Just then Fafhrd, cruelly clawed or bit by the kitten, let off a most piteous groan indeed with a dreadful high note in it, and the Mouser said impulsively, “Dear Princess, first chase me that were-cat from my large friend, for I fear it will be his blinding and death’s bane, and then we shall discourse of our great loves to the end of eternity.”

“That is what I mean,” Hisvet said softly and reproachfully. “If you loved me truly for myself, Gray Mouser, you would not care a feather if your closest friend or your wife or mother or child were tortured and done to death before your eyes, so long as my eyes were upon you and I touched you with my fingertips. With my kisses on your lips and my slim hands playing about you, my whole person accepting and welcoming you, you could watch your large friend there scratched to blindness and death by a cat—or mayhap eaten alive by rats—and be utterly content. I have touched few things in this world, Gray Mouser. I have touched no man, or male demon or larger male beast, save by the proxy of Frix. Remember that, Gray Mouser.”

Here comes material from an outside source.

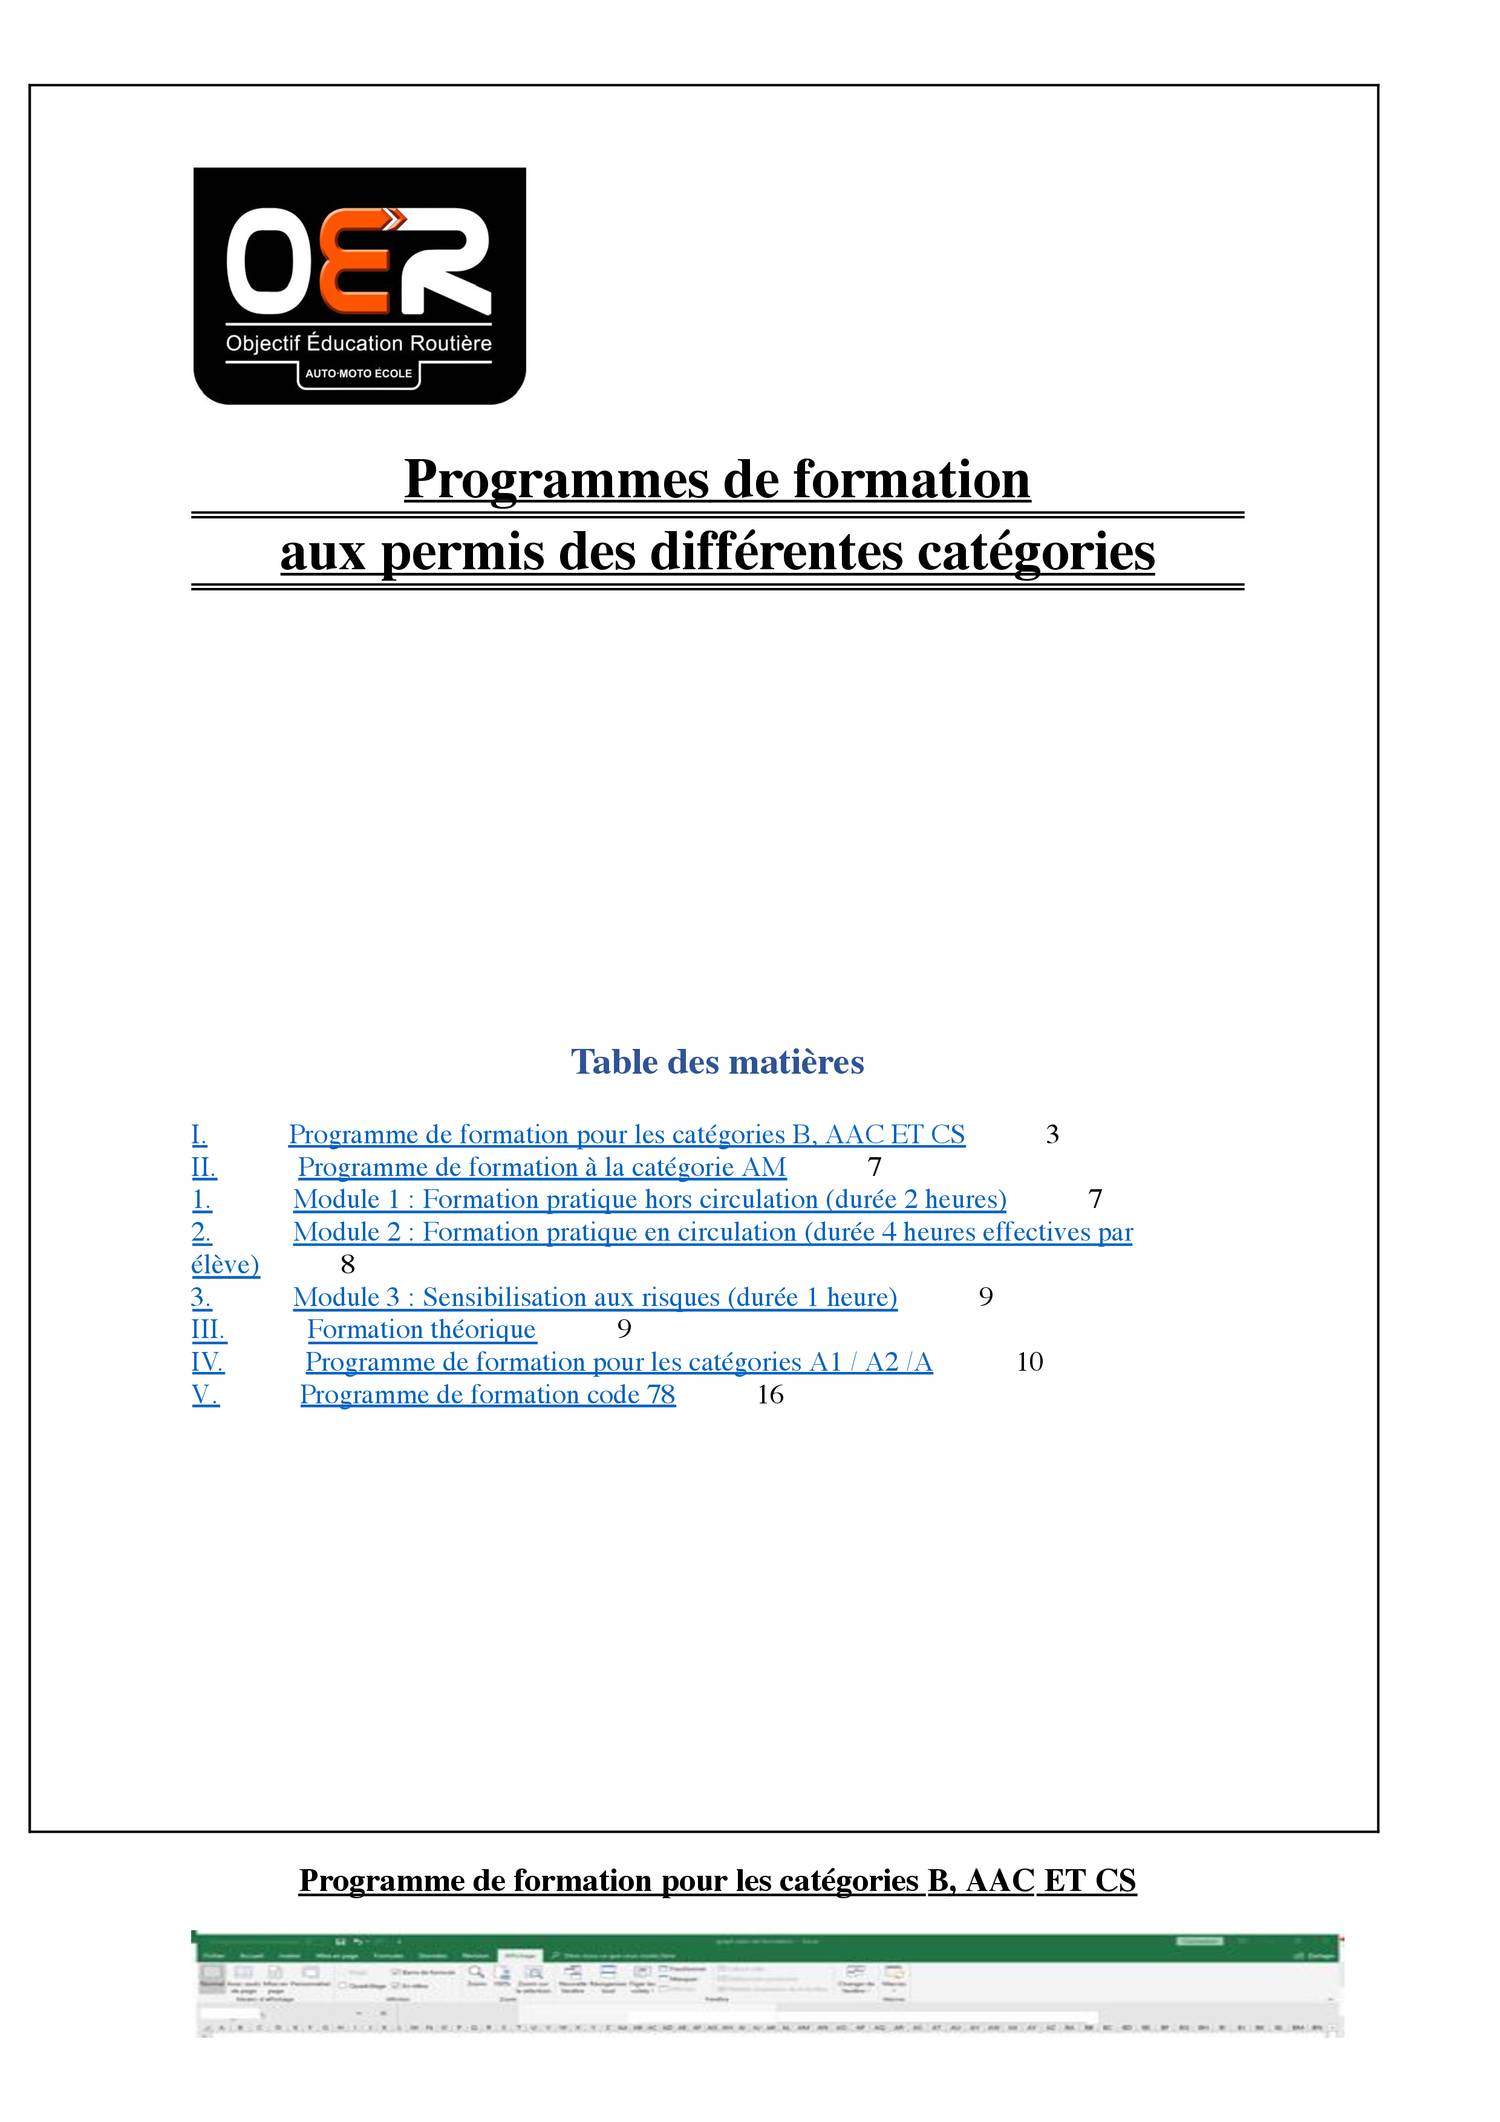 Autoécole programme de formation.pdf  DocDroid

“To be sure, Dear Light of my Life!” the Mouser replied most spiritedly, certain now of the sort of self-adoring madness with which he had to deal, since he had a touch of the same mania and so was well-acquainted with it. “Let the barbarian bleed to death by pinpricks! Let the cat have his eyes! Let the rats banquet on him to his bones! What skills it while we trade sweet words and caresses, discoursing to each other with our entire bodies and our whole souls!”

Meanwhile, however, he had started to saw again most fiercely with his now-dulled coin, unmindful of Hisvet’s eyes upon him. It joyed him to feel Cat’s Claw lying against his ribs.

“That’s spoken like my own true Mouser,” Hisvet said with most melting tenderness, brushing her fingers so close to his cheek that he could feel the tiny chill zephyr of their passage. Then, turning, she called, “Holla, Frix! Send to me Skwee and the White Company. Each may bring with him two black comrades of his own choice. I have somewhat of a reward for them, somewhat of a special treat. Skwee! Skwee-skwee-skwee!”

What would have happened then, both instantly and ultimately, is impossible to say, for at that moment Frix hailed, “Ahoy!” into the fog and called happily down, “A black sail, oh Blessed Demoiselle, it is your father!”

Out of the pearly fog to starboard came the shark’s-fin triangle of the upper portion of a black sail, running alongside Squid aft of the dragging brown mainsail. Two boathooks, a small ship’s length apart, came up and clamped down on the starboard middeck rail while the black sail flapped. Frix came running lightly forward and secured to the rail midway between the boathooks the top of a rope ladder next heaved up from the black cutter (for surely this must be that dire craft, the Mouser thought).

Then up the ladder and over the rail came nimbly an old man of Lankhmar dressed all in black leather and on his left shoulder a white rat clinging with right forepaw to a cheek-flap of his black leather cap. He was followed swiftly by two lean bald Mingols with faces yellow-brown as old lemons, each shoulder-bearing a large black rat that steadied itself by a yellow ear.